[WHAT TO WORK ON]: Print all of the data exactly, but drop the pictures.

[DATA BELOW]:
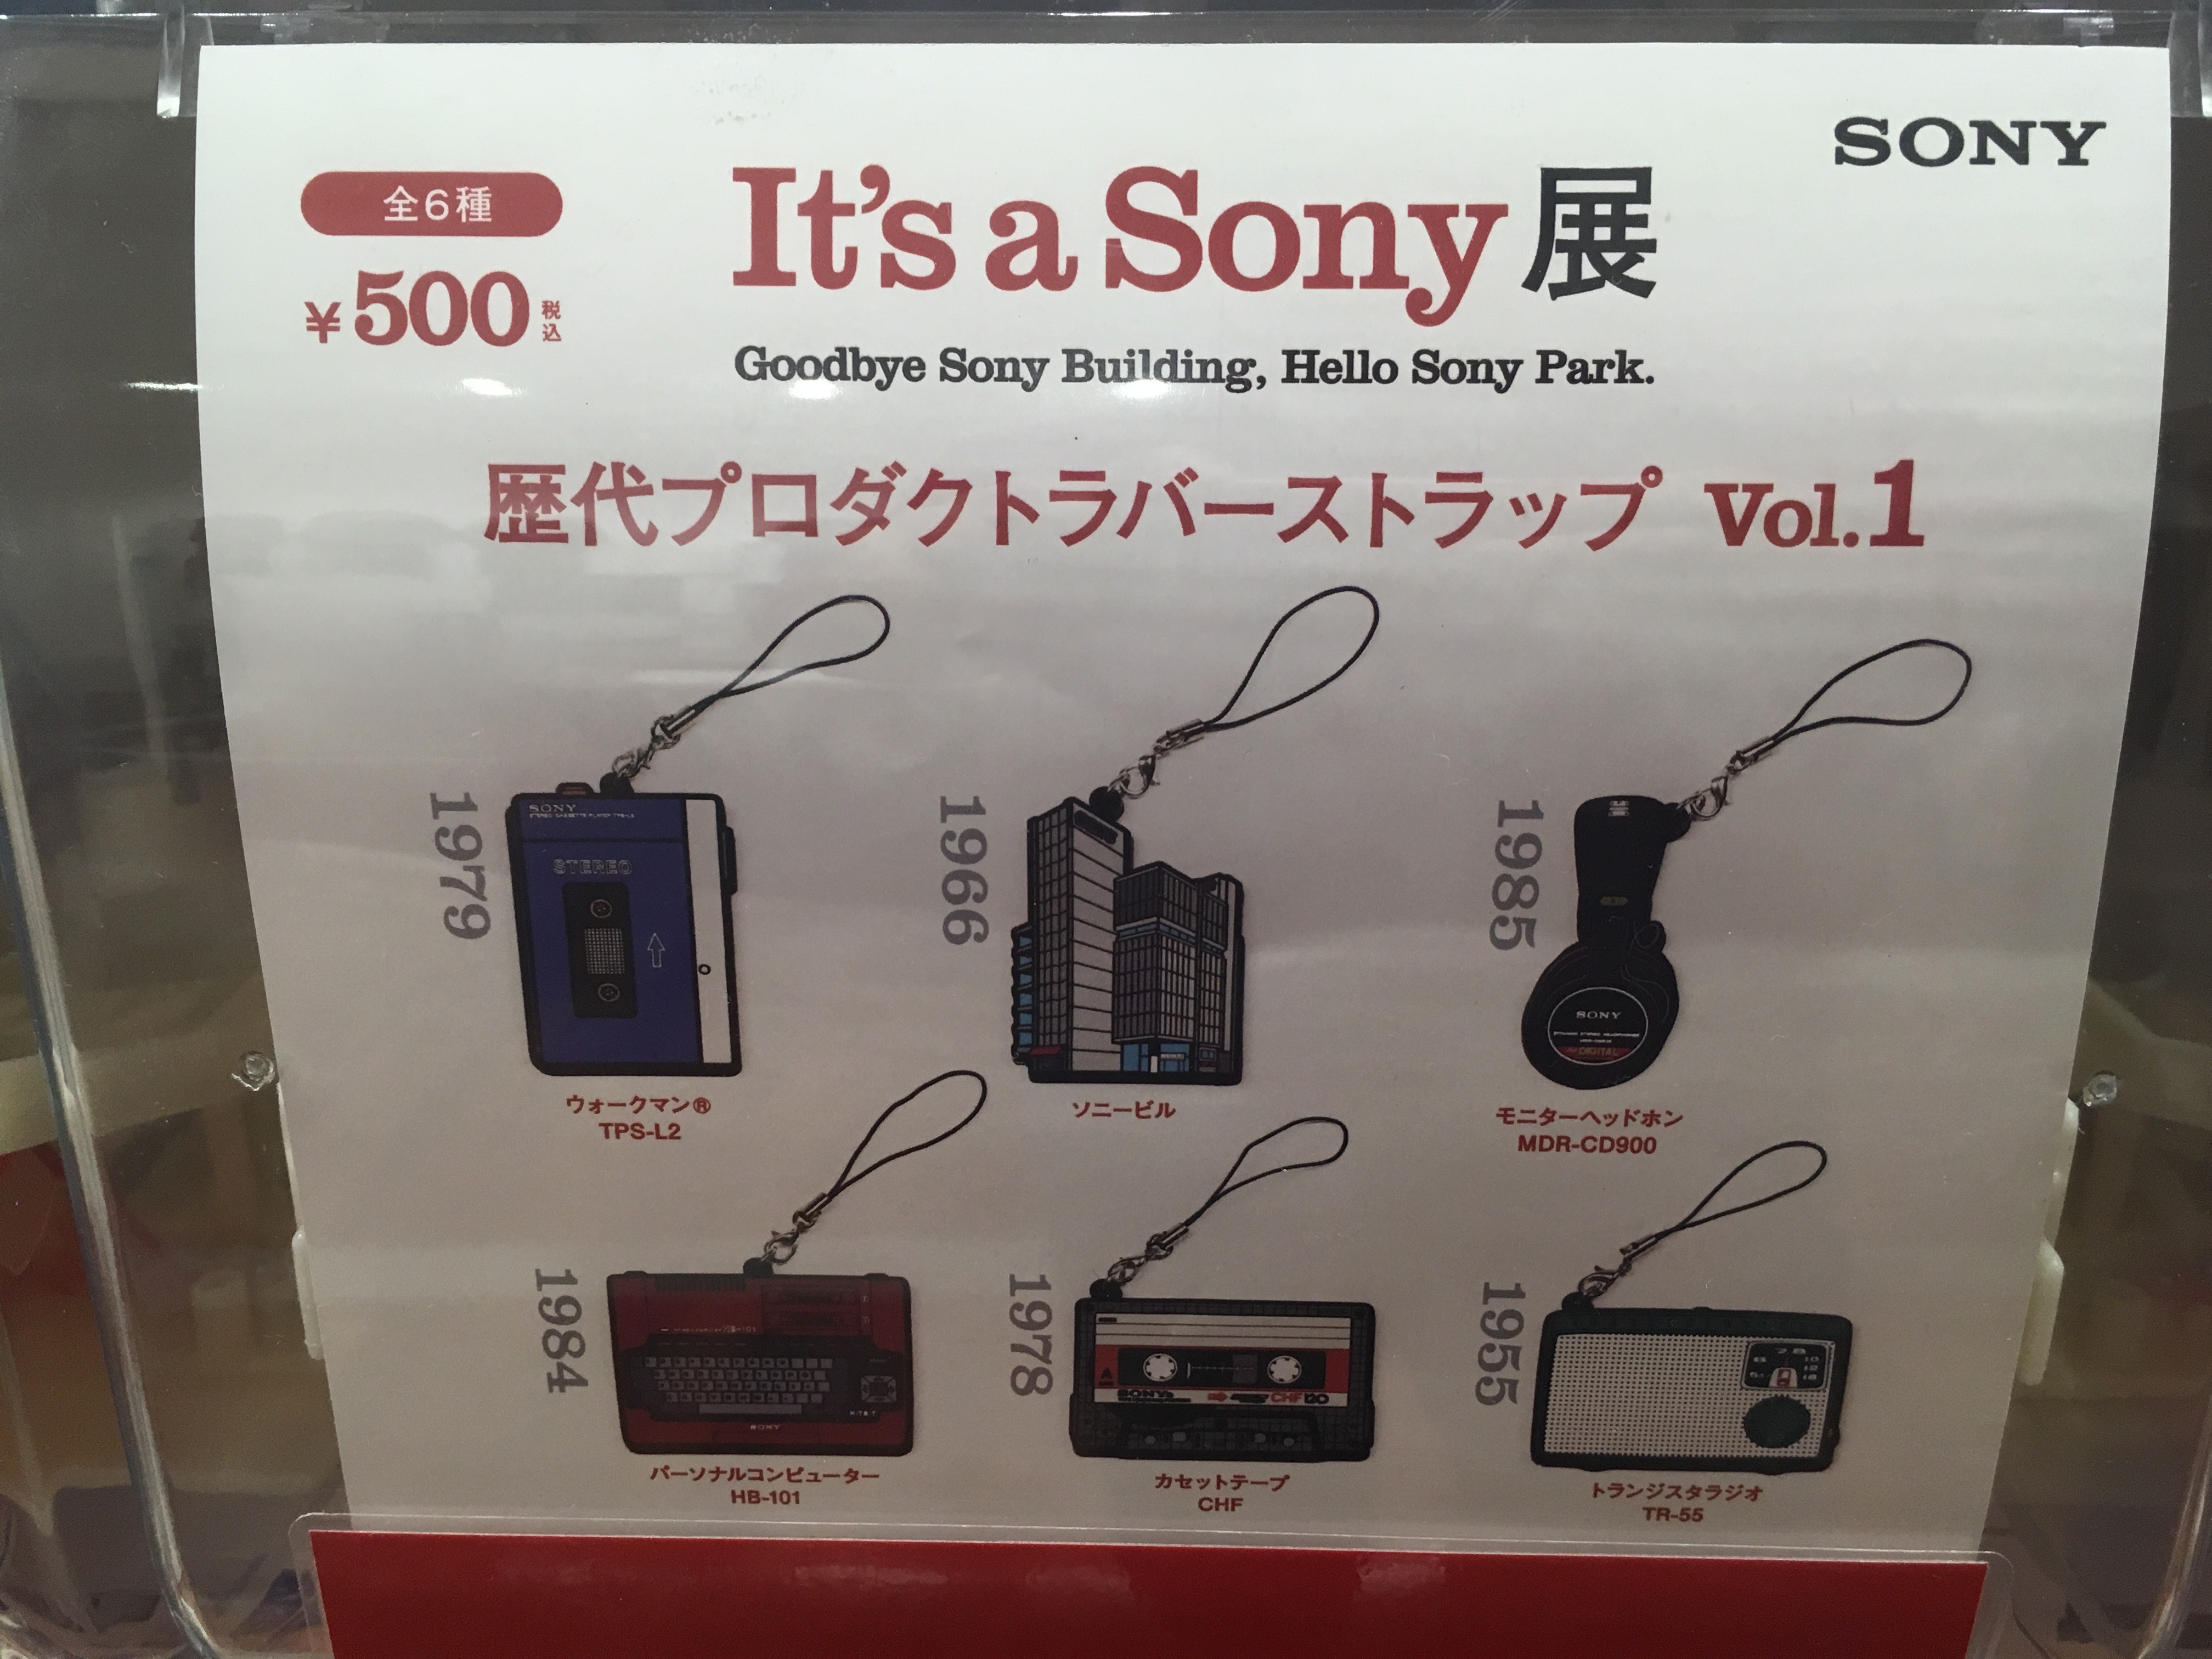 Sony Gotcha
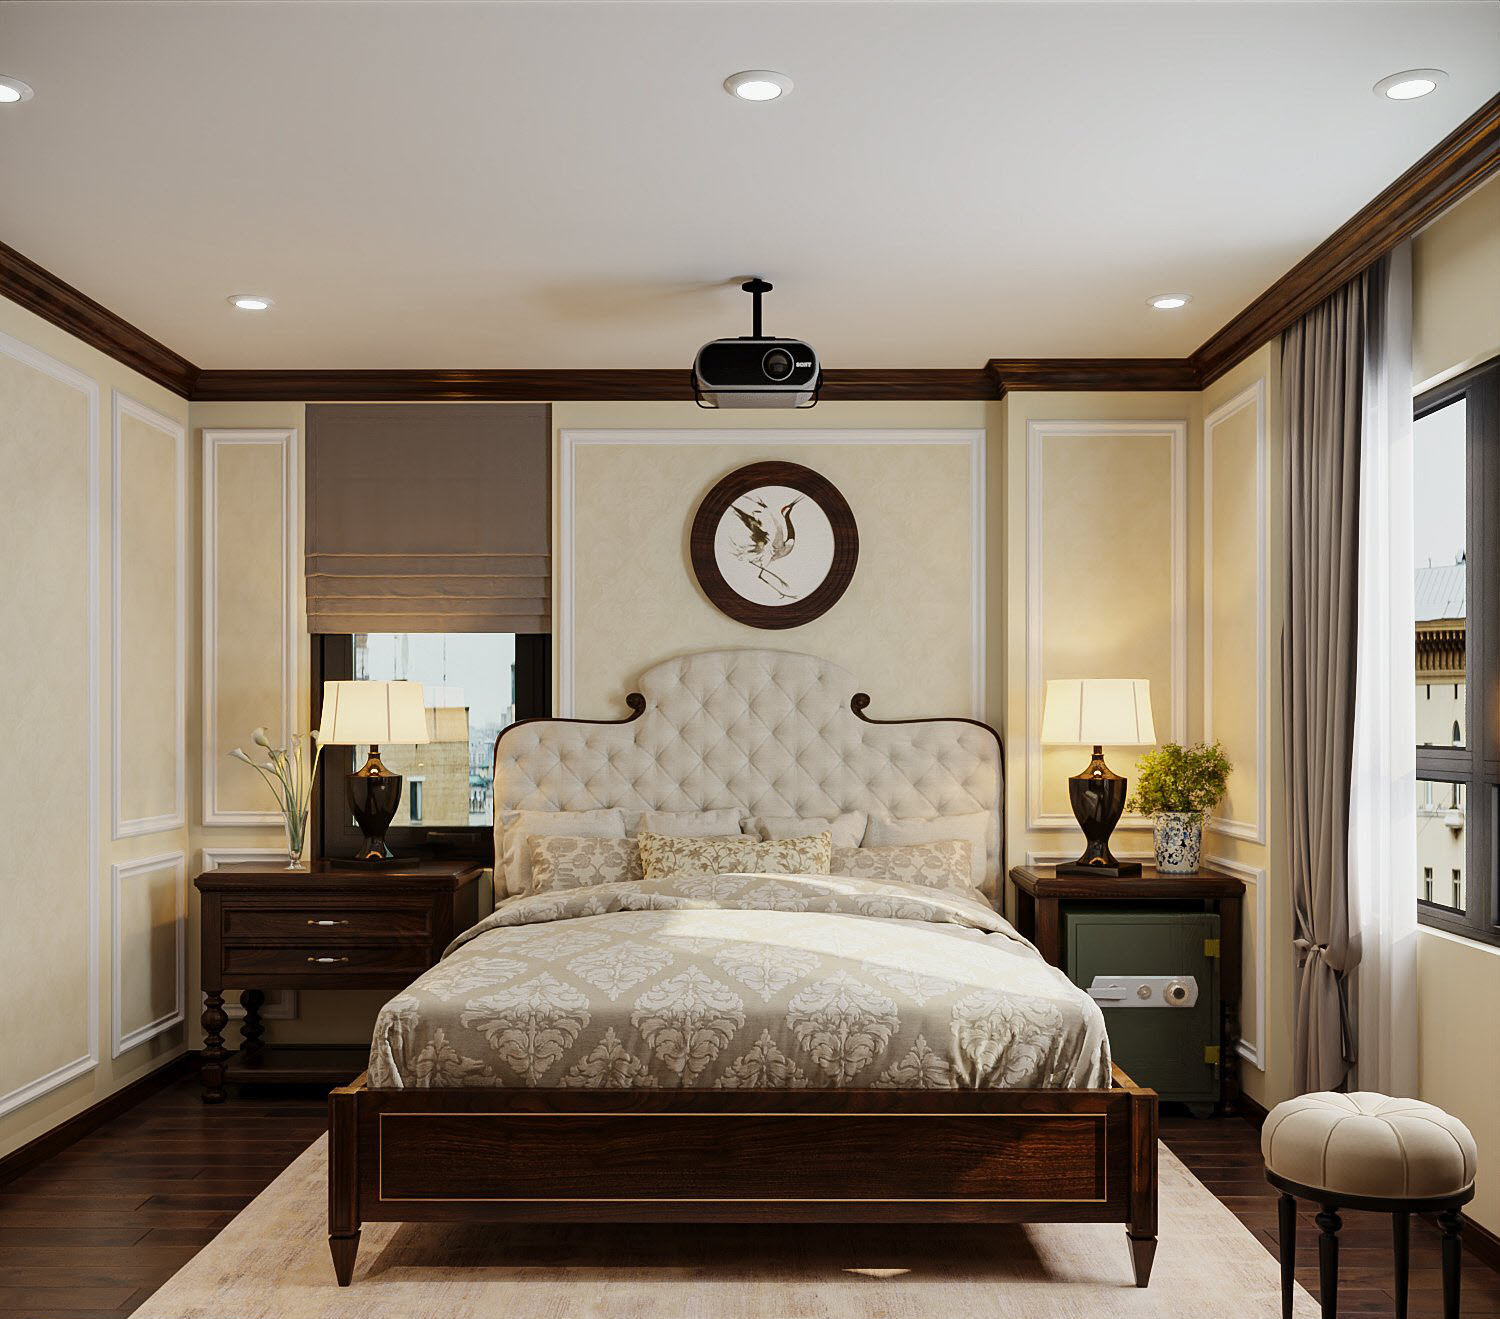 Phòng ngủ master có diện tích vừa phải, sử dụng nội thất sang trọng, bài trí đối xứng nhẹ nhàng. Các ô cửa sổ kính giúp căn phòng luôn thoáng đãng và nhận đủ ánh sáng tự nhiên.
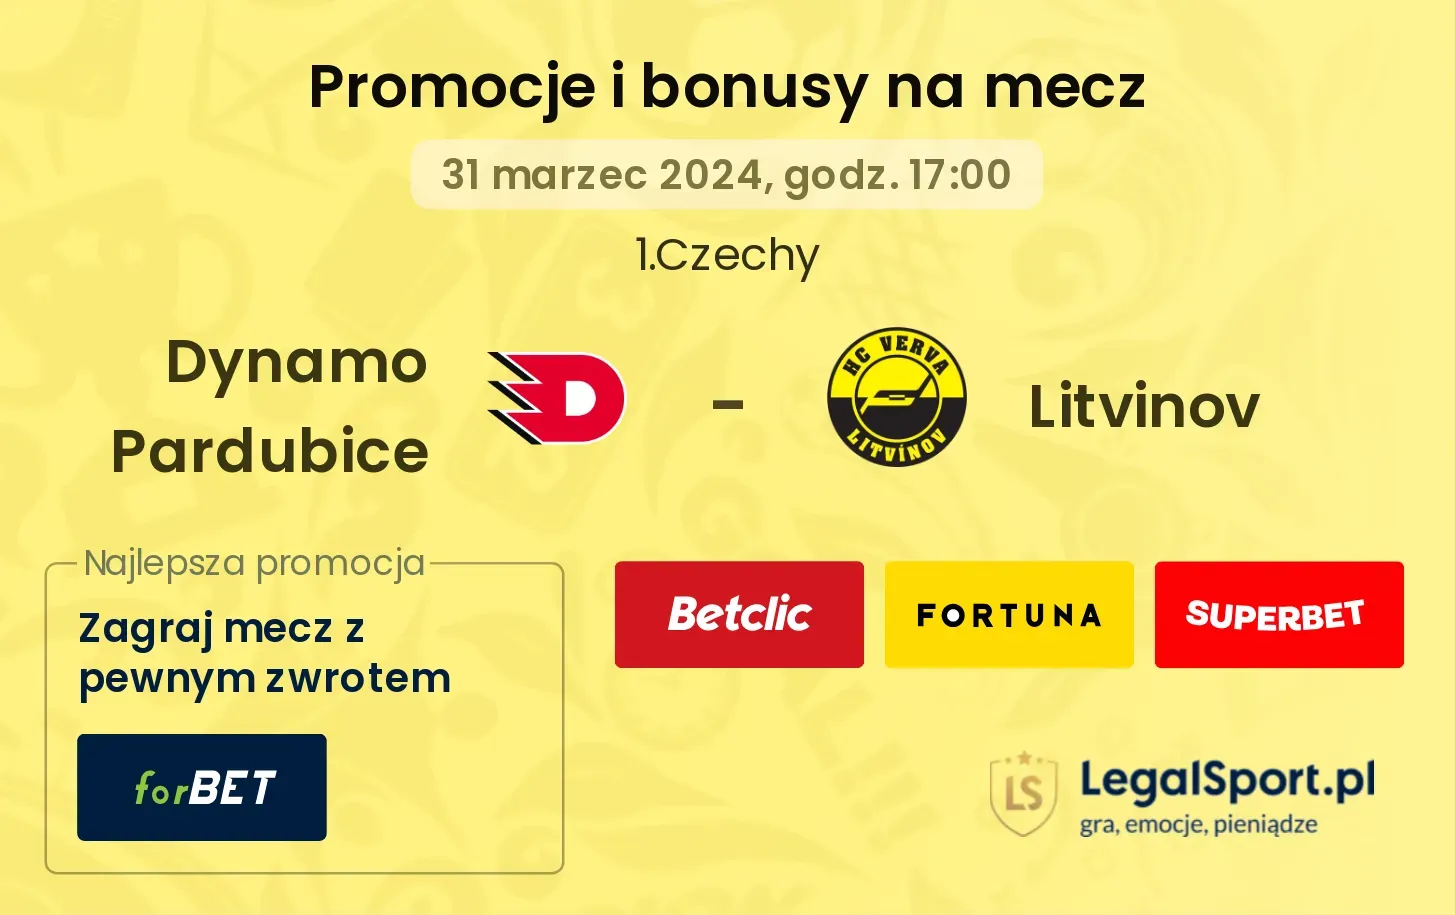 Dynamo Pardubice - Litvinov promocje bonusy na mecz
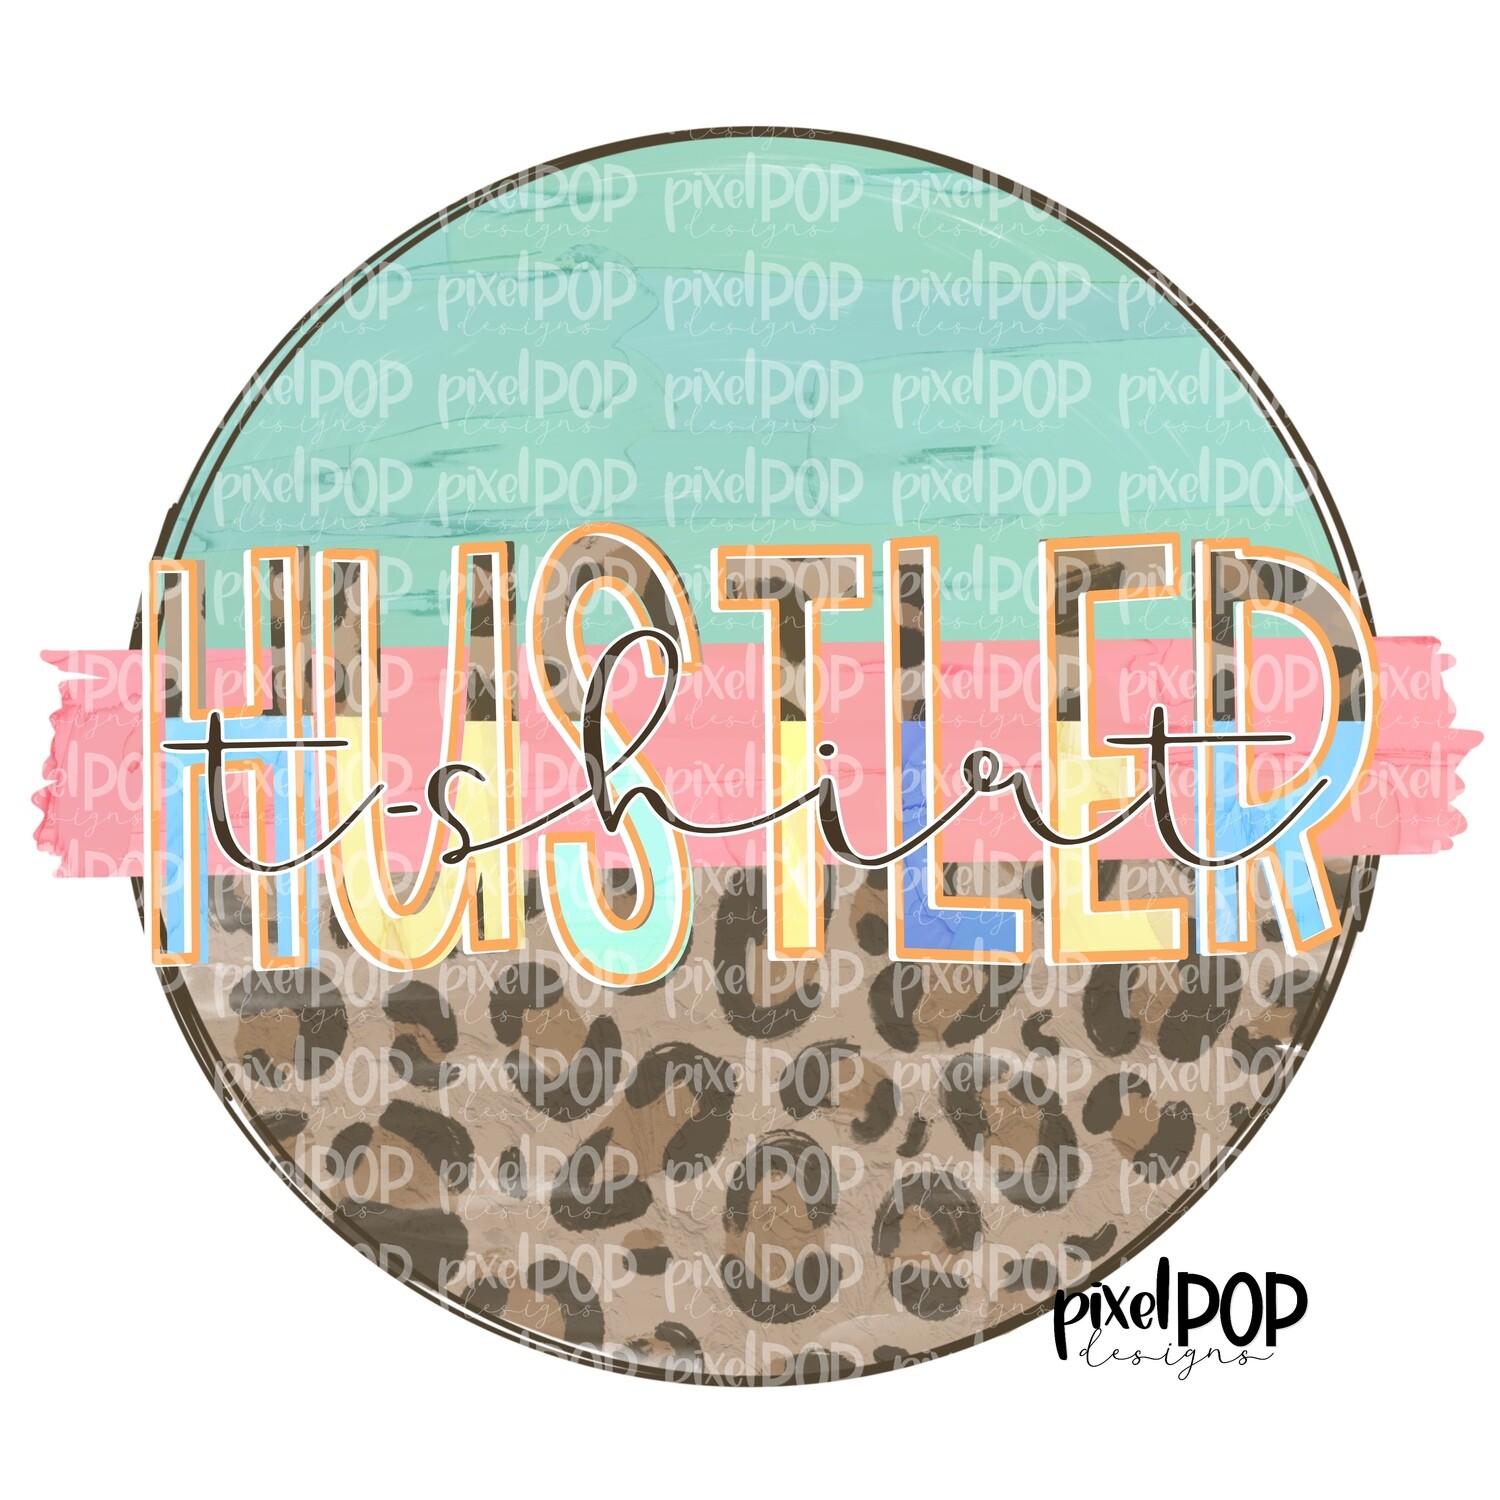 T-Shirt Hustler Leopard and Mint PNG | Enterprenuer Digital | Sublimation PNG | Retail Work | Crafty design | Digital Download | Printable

[WRITTEN SOLUTION]:
 Sony Gotcha
 Phòng ngủ master có diện tích vừa phải, sử dụng nội thất sang trọng, bài trí đối xứng nhẹ nhàng. Các ô cửa sổ kính giúp căn phòng luôn thoáng đãng và nhận đủ ánh sáng tự nhiên.
 Dynamo Pardubice - Litvinov promocje bonusy na mecz
 T-Shirt Hustler Leopard and Mint PNG | Enterprenuer Digital | Sublimation PNG | Retail Work | Crafty design | Digital Download | Printable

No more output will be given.